French Authorities Approve Reimbursement of Orkambi for CF Patients 2 Years and Older

French Authorities Approve Reimbursement of Orkambi for CF Patients 2 Years and Older

The Comité Économique des Produits de Santé (CEPS) in France has approved national reimbursement of Vertex Pharmaceuticals’ Orkambi (lumacaftor/ivacaftor) for patients with cystic fibrosis (CF) who are 2 years of age or older, with two copies of the F508del mutation in the cystic fibrosis transmembrane conductance regulator (CFTR) gene (the gene defective in CF).

Once the agreement has been published in the French Official Journal, Orkambi will be made available for all eligible CF patients in the country.

In December 2015, Orkambi was made available to CF patients 12 years and older in France through a Temporary Use Authorization program (Autorisations Temporaires d’Utilisation, or ATU), and a post-ATU interim access program.

Temporary Use Authorization is a program that was implemented in France to improve early access to therapies that are under development or already authorized in other countries.

All patients who are currently prescribed Orkambi through the ATU will now be able to receive it through this new agreement.

Importantly, in addition to providing reimbursement for patients 12 years and older, the new agreement will also allow patients 2 to 11 years old in France to access Orkambi for the first time.

“With today’s announcement, eligible patients across France can receive Orkambi through a national reimbursement agreement. Importantly, children with cystic fibrosis as young as two years of age with two copies of the F508del mutation will now benefit from this precision medicine,” Ludovic Fenaux, senior vice president of Vertex International, said in a press release.

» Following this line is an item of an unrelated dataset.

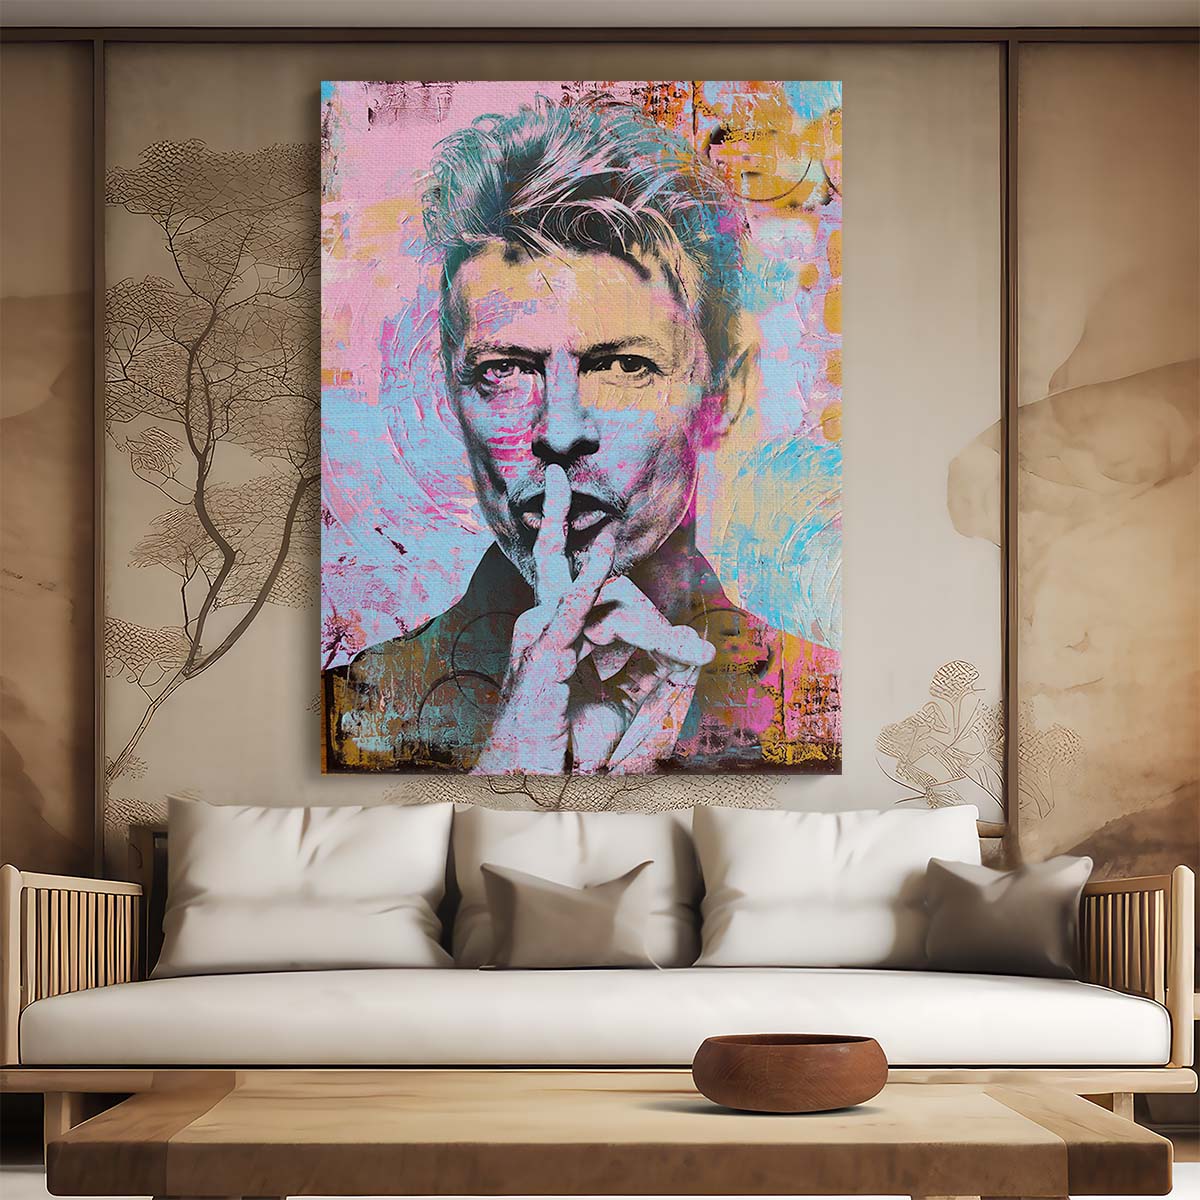 David Bowie Circles Graffiti Wall Art by Luxuriance Designs. Made in USA.

“We thank the French authorities for their engagement and commitment that has resulted in an agreement to provide sustainable access to Orkambi for all eligible patients,” he added.

In related news, Vertex recently set new reimbursement agreements for Orkambi and other CF therapies in England, Wales and Northern Ireland, and other European countries.

Last month, the U.S. the Food and Drug Administration approved a fourth Vertex therapy called Trikafta (elexacaftortezacaftor, and ivacaftor) as a next-generation, triple combination treatment for CF. Patients with at least one F508del mutation in the CFTR gene — the most common CF-causing mutation in an estimated 90% of all CF patients — are eligible to receive this treatment.

Vertex has submitted a marketing authorization application to the European Medicines Agency for Trikafta. If approved, further negotiations with national health service agencies will take place.

Iqra holds a MSc in Cellular and Molecular Medicine from the University of Ottawa in Ottawa, Canada. She also holds a BSc in Life Sciences from Queen’s University in Kingston, Canada. Currently, she is completing a PhD in Laboratory Medicine and Pathobiology from the University of Toronto in Toronto, Canada. Her research has ranged from across various disease areas including Alzheimer’s disease, myelodysplastic syndrome, bleeding disorders and rare pediatric brain tumors.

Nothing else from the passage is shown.